Items from a data source
◇ ◇ ◇
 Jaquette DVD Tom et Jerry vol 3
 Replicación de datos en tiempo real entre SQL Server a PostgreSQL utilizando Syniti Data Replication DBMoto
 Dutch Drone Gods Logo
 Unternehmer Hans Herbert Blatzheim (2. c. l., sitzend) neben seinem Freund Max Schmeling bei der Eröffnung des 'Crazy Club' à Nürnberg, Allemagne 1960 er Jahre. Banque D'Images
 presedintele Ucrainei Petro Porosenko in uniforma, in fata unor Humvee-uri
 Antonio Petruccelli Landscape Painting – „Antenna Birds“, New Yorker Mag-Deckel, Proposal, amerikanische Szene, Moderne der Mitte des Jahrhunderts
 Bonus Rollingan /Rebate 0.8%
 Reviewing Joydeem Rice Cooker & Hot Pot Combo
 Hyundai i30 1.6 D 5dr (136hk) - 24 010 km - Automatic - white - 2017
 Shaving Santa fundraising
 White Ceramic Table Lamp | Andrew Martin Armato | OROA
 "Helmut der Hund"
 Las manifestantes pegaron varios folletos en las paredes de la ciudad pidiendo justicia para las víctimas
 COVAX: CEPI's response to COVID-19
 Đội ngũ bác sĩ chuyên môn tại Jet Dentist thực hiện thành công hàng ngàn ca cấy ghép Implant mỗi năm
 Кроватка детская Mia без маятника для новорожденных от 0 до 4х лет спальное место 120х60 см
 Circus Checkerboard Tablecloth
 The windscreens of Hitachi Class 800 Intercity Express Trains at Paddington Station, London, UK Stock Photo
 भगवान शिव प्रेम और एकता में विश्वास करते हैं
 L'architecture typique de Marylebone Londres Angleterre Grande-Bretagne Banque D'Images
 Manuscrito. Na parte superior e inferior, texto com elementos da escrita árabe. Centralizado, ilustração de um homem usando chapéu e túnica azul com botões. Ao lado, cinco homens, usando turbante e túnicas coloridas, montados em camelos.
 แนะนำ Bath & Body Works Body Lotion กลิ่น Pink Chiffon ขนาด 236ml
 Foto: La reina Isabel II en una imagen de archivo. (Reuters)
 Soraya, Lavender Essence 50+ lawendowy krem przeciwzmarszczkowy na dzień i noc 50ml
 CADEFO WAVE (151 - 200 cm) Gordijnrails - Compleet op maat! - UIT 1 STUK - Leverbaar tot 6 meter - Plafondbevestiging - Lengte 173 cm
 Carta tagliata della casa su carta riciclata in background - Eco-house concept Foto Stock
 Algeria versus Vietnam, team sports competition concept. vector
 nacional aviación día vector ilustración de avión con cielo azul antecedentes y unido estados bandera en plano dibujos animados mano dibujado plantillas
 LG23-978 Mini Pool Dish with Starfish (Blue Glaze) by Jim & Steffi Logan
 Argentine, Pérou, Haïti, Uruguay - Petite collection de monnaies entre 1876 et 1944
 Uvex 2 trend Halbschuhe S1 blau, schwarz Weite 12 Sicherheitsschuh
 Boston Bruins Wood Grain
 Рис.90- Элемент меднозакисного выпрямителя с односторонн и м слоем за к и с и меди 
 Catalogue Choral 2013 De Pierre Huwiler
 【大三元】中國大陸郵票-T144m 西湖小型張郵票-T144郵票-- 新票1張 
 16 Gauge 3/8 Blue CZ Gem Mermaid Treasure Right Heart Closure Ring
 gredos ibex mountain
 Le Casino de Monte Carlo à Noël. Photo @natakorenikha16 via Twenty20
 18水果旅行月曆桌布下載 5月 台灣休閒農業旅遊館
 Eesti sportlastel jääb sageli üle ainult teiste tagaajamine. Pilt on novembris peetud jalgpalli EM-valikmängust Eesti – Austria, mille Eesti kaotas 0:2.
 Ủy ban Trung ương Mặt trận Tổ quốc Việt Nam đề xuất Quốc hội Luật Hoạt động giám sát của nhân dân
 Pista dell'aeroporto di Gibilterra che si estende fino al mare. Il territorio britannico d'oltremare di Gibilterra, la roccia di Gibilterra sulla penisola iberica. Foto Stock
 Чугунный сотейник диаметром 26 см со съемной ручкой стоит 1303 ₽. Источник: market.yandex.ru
◇ ◇ ◇
The required output is the exact run of lines from the beginning of the records to the line with "Unternehmer Hans Herbert", that line included.

Output of the exercise:
 Jaquette DVD Tom et Jerry vol 3
 Replicación de datos en tiempo real entre SQL Server a PostgreSQL utilizando Syniti Data Replication DBMoto
 Dutch Drone Gods Logo
 Unternehmer Hans Herbert Blatzheim (2. c. l., sitzend) neben seinem Freund Max Schmeling bei der Eröffnung des 'Crazy Club' à Nürnberg, Allemagne 1960 er Jahre. Banque D'Images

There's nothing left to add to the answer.